HOW TO COMPLETE THIS TASK: Nothing but the pictures should be dropped; repeat the rest of the data below exactly.

COLLECTED MATERIAL:
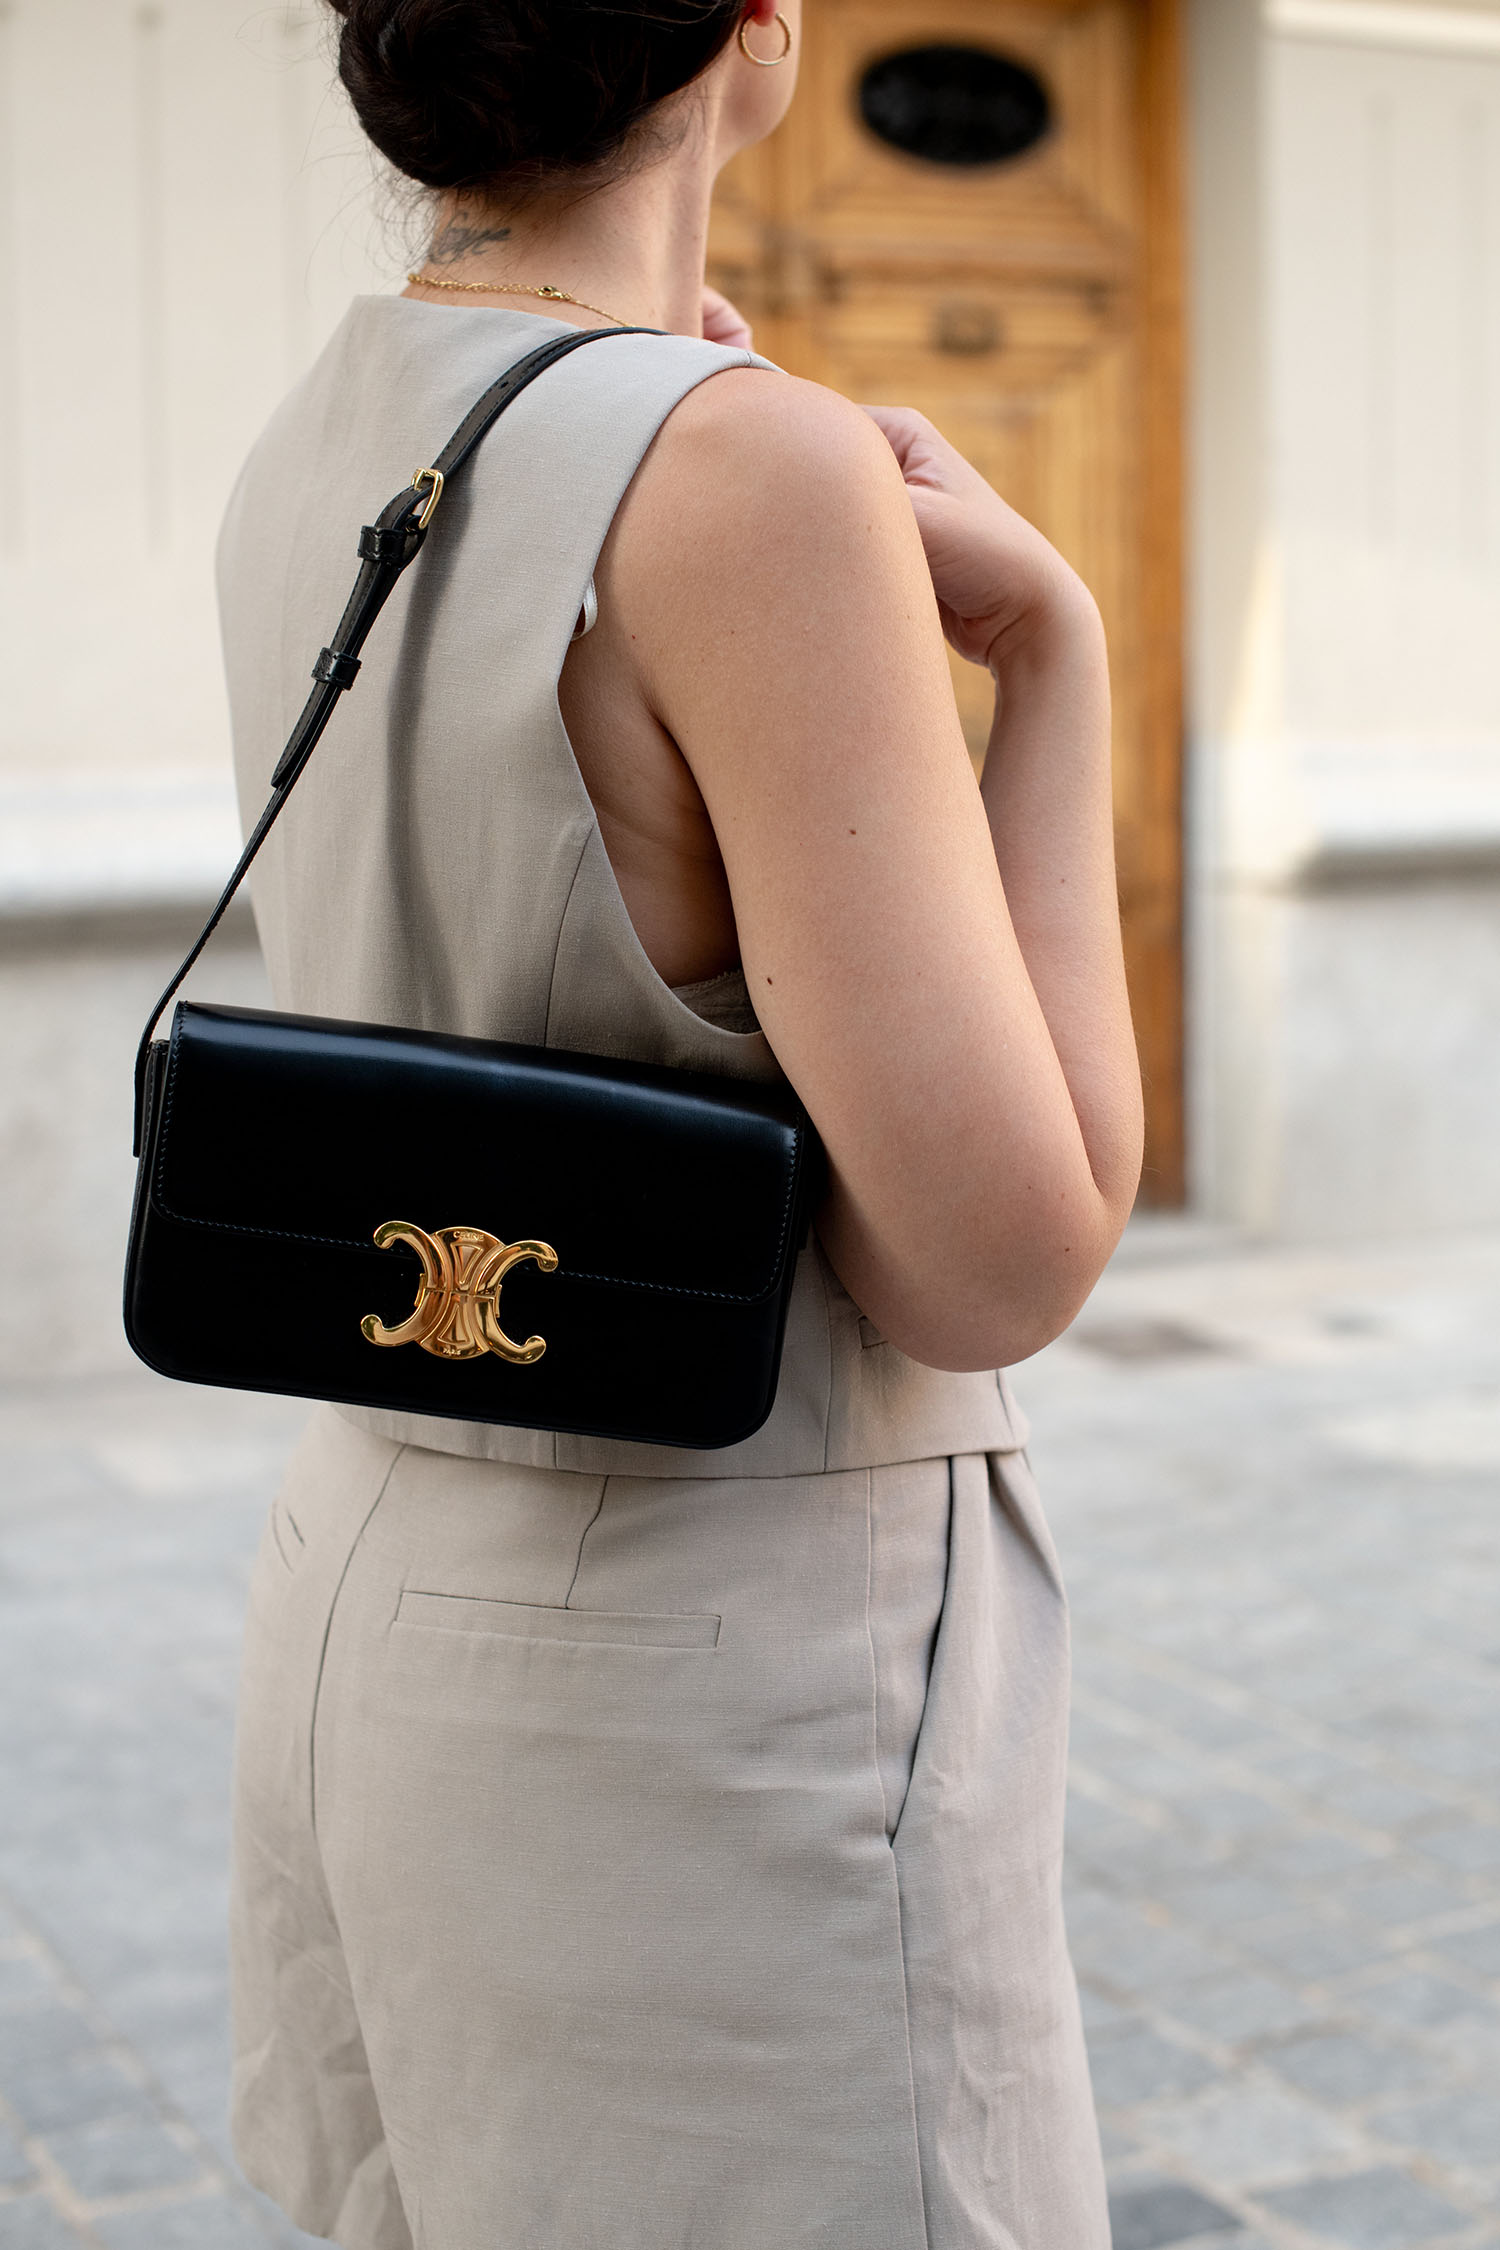 Coco & Voltaire - Celine Triomphe handbag, Zara shorts, Agape Studio necklace
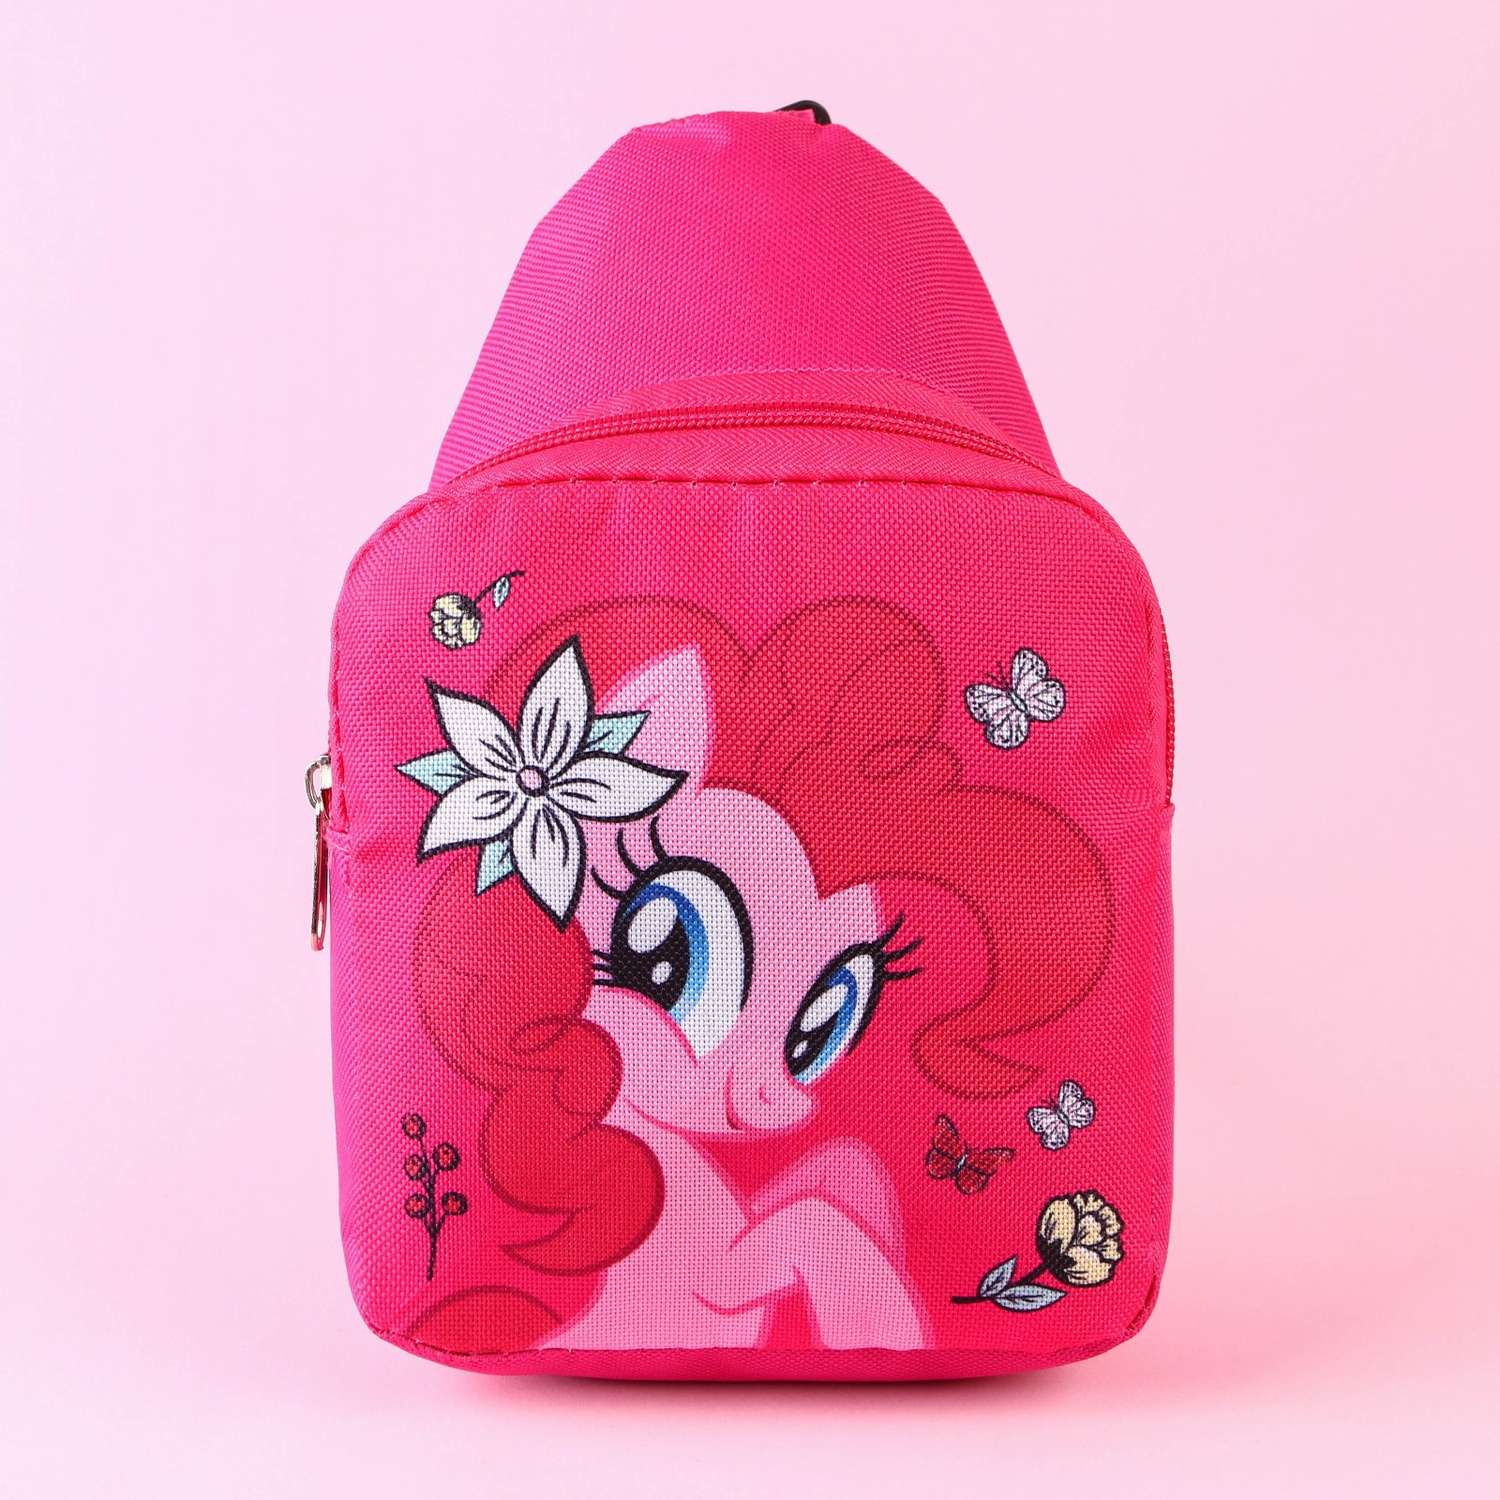 Сумка Hasbro на плечо My Little Pony - фото 2
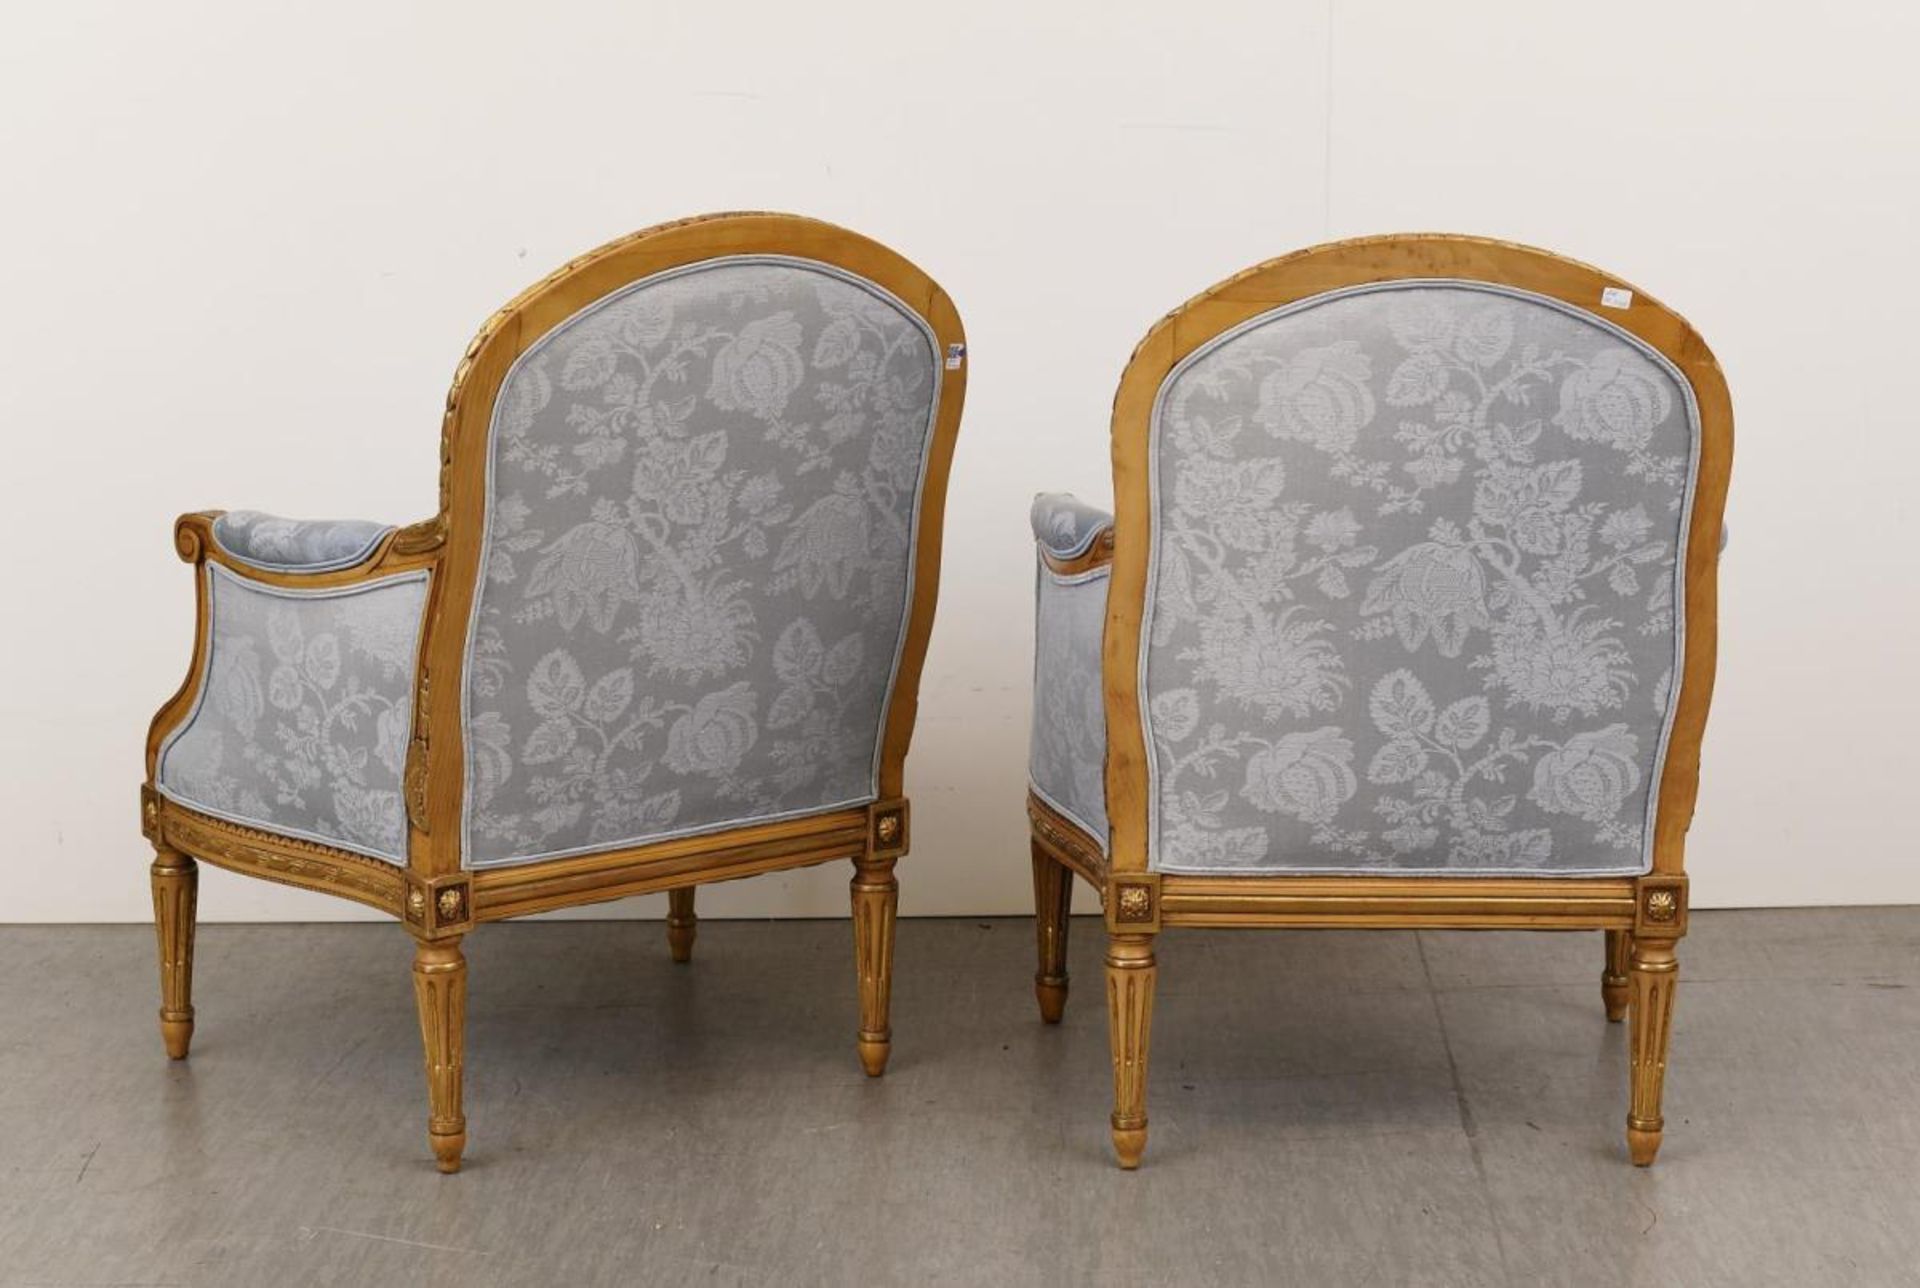 Ein Paar Armlehnstühle. Barockstil | Holz, beschnitzt, gold- und ockerfarben gefasst. - Bild 2 aus 2

ANSWER SECTION:
 Coco & Voltaire - Celine Triomphe handbag, Zara shorts, Agape Studio necklace
 Сумка Hasbro на плечо My Little Pony - фото 2
 Ein Paar Armlehnstühle. Barockstil | Holz, beschnitzt, gold- und ockerfarben gefasst. - Bild 2 aus 2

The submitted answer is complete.